• DATA SHOWN:
____
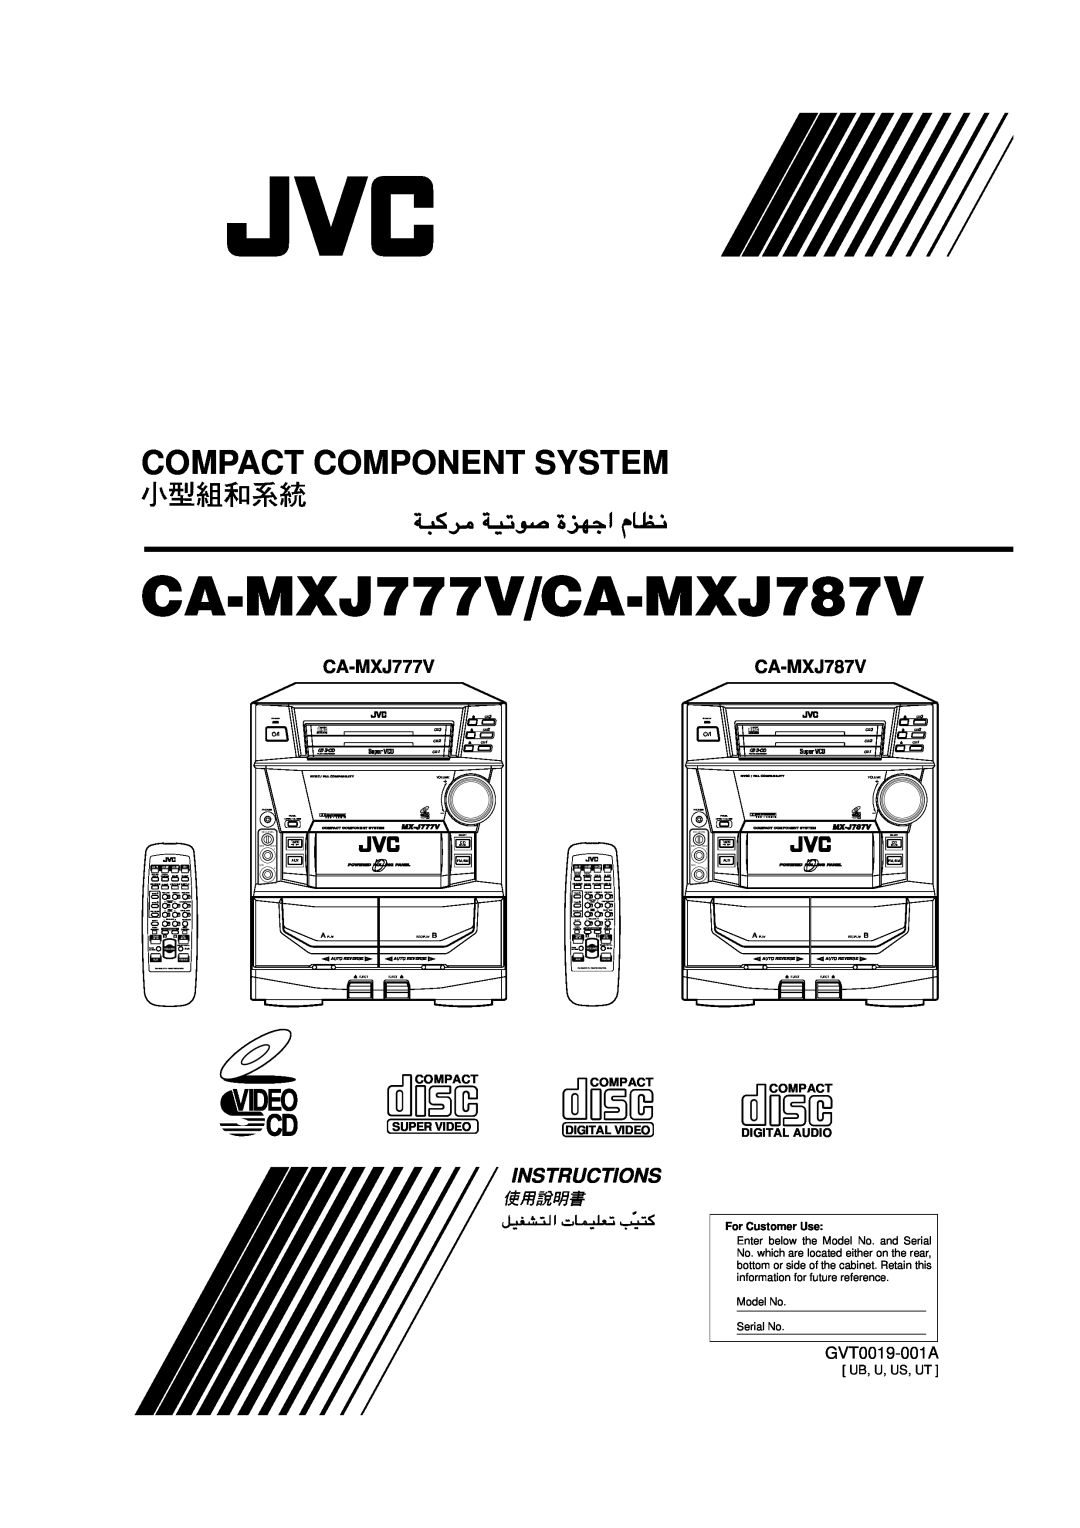 JVC manual Compact Component System, CA-MXJ777V/CA-MXJ787V, Instructions, Compactcompact, Super Video, Digital Video 
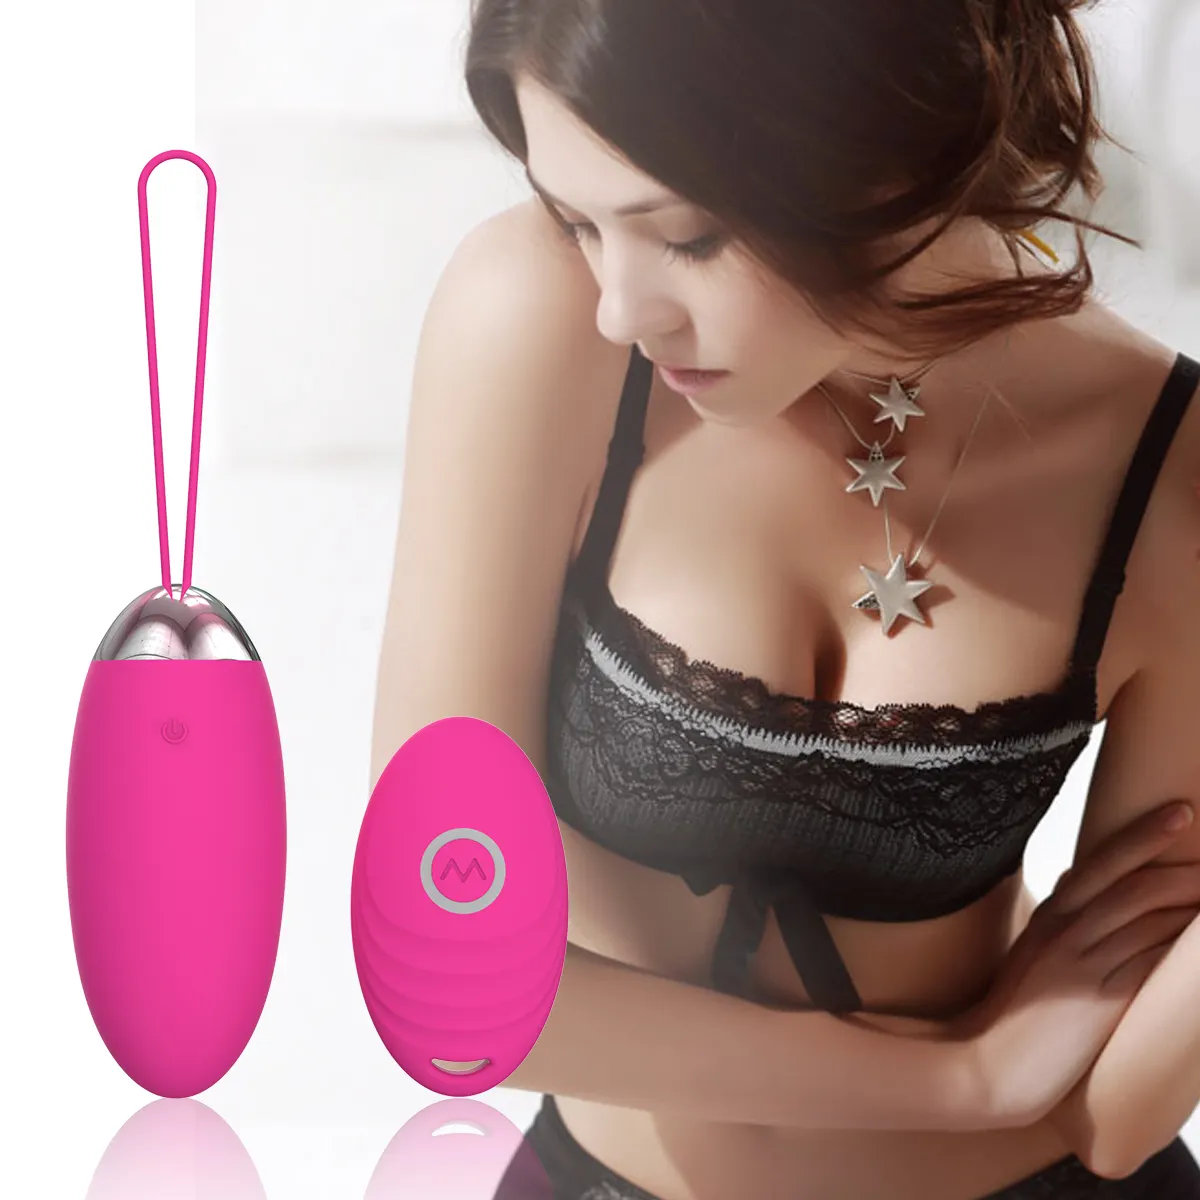 Sexspielzeug für Frau kleines Dildo Saxophon Video Hentai Silikon xxx xxxxx xxx xxxxx Masturbation gerät zur Stimulierung des drahtlosen Sexspielzeugs
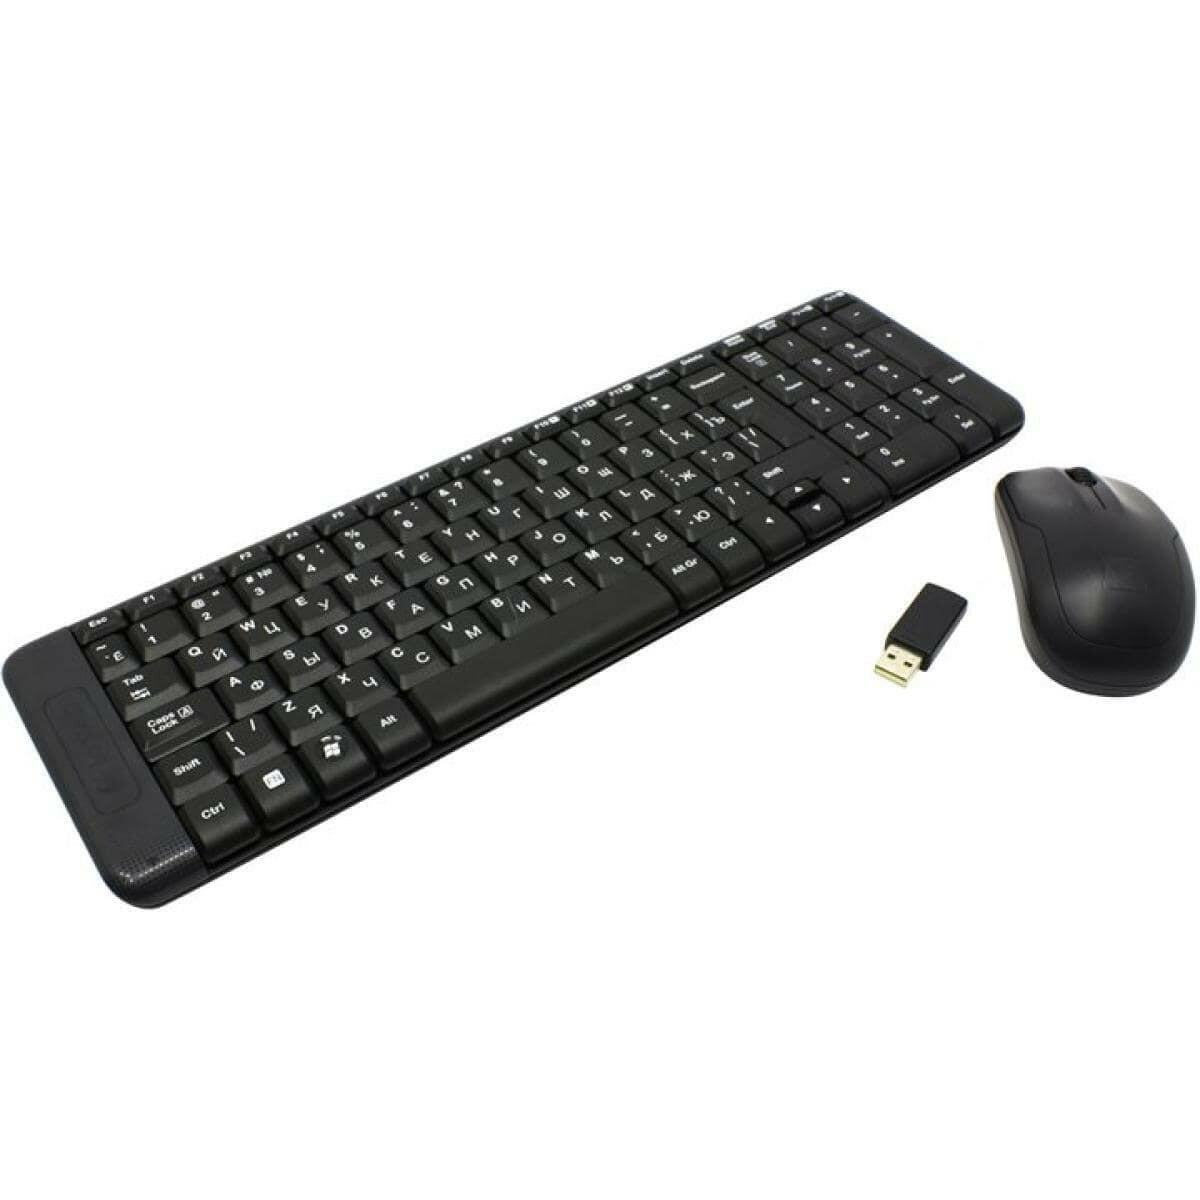 LOGITECH OFFICE KEYBOARD Logitech MK220 Compact 2.4GHz Wireless Black Keyboard & Mouse Combo (عربي)
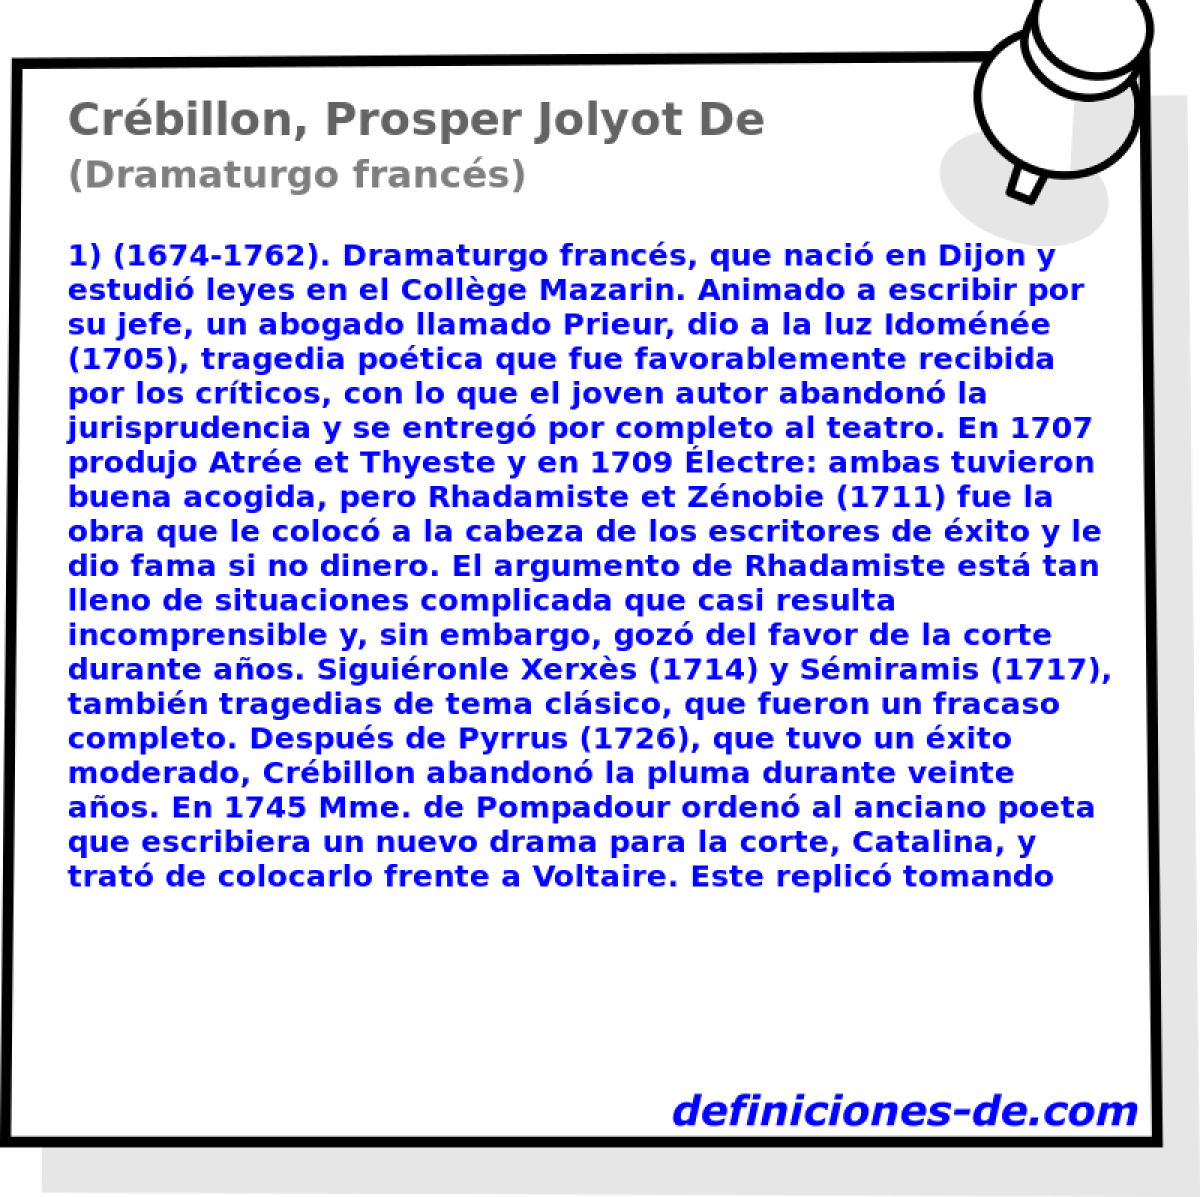 Crbillon, Prosper Jolyot De (Dramaturgo francs)
____
• WHAT THE TASK REQUIRES:
Leaving out the pictures, reproduce the whole listing above exactly.

• EXERCISE SOLUTION:
 JVC manual Compact Component System, CA-MXJ777V/CA-MXJ787V, Instructions, Compactcompact, Super Video, Digital Video 
 Sexspielzeug für Frau kleines Dildo Saxophon Video Hentai Silikon xxx xxxxx xxx xxxxx Masturbation gerät zur Stimulierung des drahtlosen Sexspielzeugs
 LOGITECH OFFICE KEYBOARD Logitech MK220 Compact 2.4GHz Wireless Black Keyboard & Mouse Combo (عربي)
 Crbillon, Prosper Jolyot De (Dramaturgo francs)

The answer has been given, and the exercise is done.